# Mixing Betta's with Other Fish!



## swissescapes (Dec 31, 2007)

I am soooo amaze at how well my Male betta gets along with My 2 Molly's!Betta's Have soo much beauty and grace! I truly do beleave with enough space..the Betta is a very social Fish..Not this Meat Fighting Fish!
I would really like to put My Female Betta in with the Male betta..I think it would be quite interesting to Watch them Mate..lol


----------



## bee (Sep 21, 2007)

it is considered that a betta maybe mixed with fish if the tank is 20 gallsons are larger with plenty of plants or hiding space. if your tank is smaller and you notice your betta is puffing up its gills or following yoru fish around it may look like "getting along" but really he is harassing your fish.


----------



## herefishy (Dec 14, 2006)

Male bettas are relatively tolerant of other fish until it comes to members of their own and their own sex. If you are intending to breed bettas, I would suggest getting 2-3 females per male. The male will continuously harass a single female if he is ready to breed and she is not. He may even drive her to the point of killing her. Not good.

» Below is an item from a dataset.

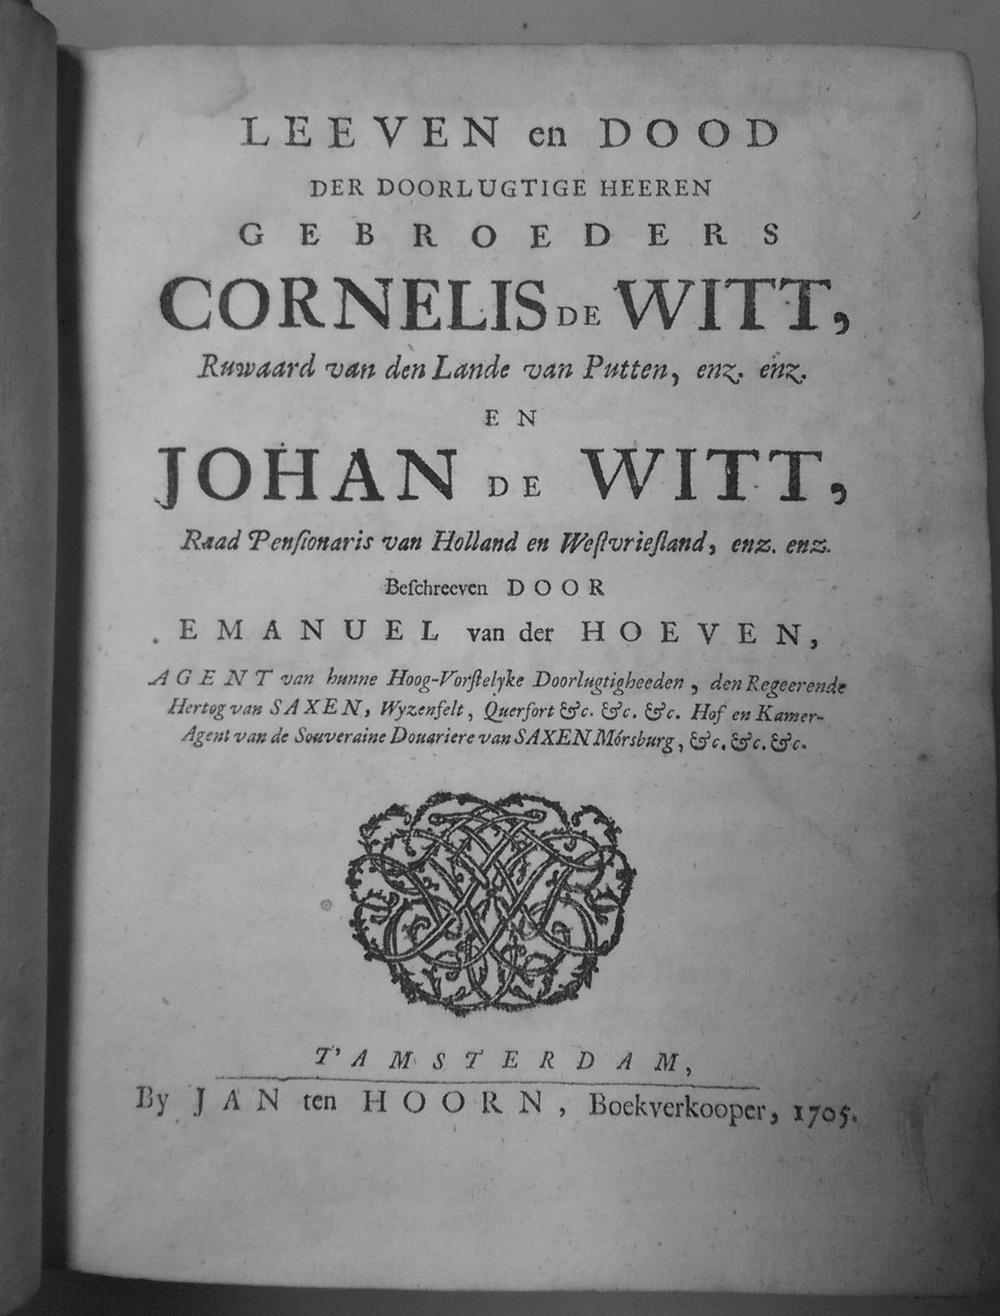 Leeven en dood van Cornelis de Witt en Johan de Witt - Hoevens ...

I would add floating plants such as elodea to the tank. This will provide cover for the females until they are receptive and help to anchor the bubble nest.


----------



## swissescapes (Dec 31, 2007)

herefishy said:


> Male bettas are relatively tolerant of other fish until it comes to members of their own and their own sex. If you are intending to breed bettas, I would suggest getting 2-3 females per male. The male will continuously harass a single female if he is ready to breed and she is not. He may even drive her to the point of killing her. Not good.
> 
> I would add floating plants such as elodea to the tank. This will provide cover for the females until they are receptive and help to anchor the bubble nest.


Yes thank u...Very Good advice!


----------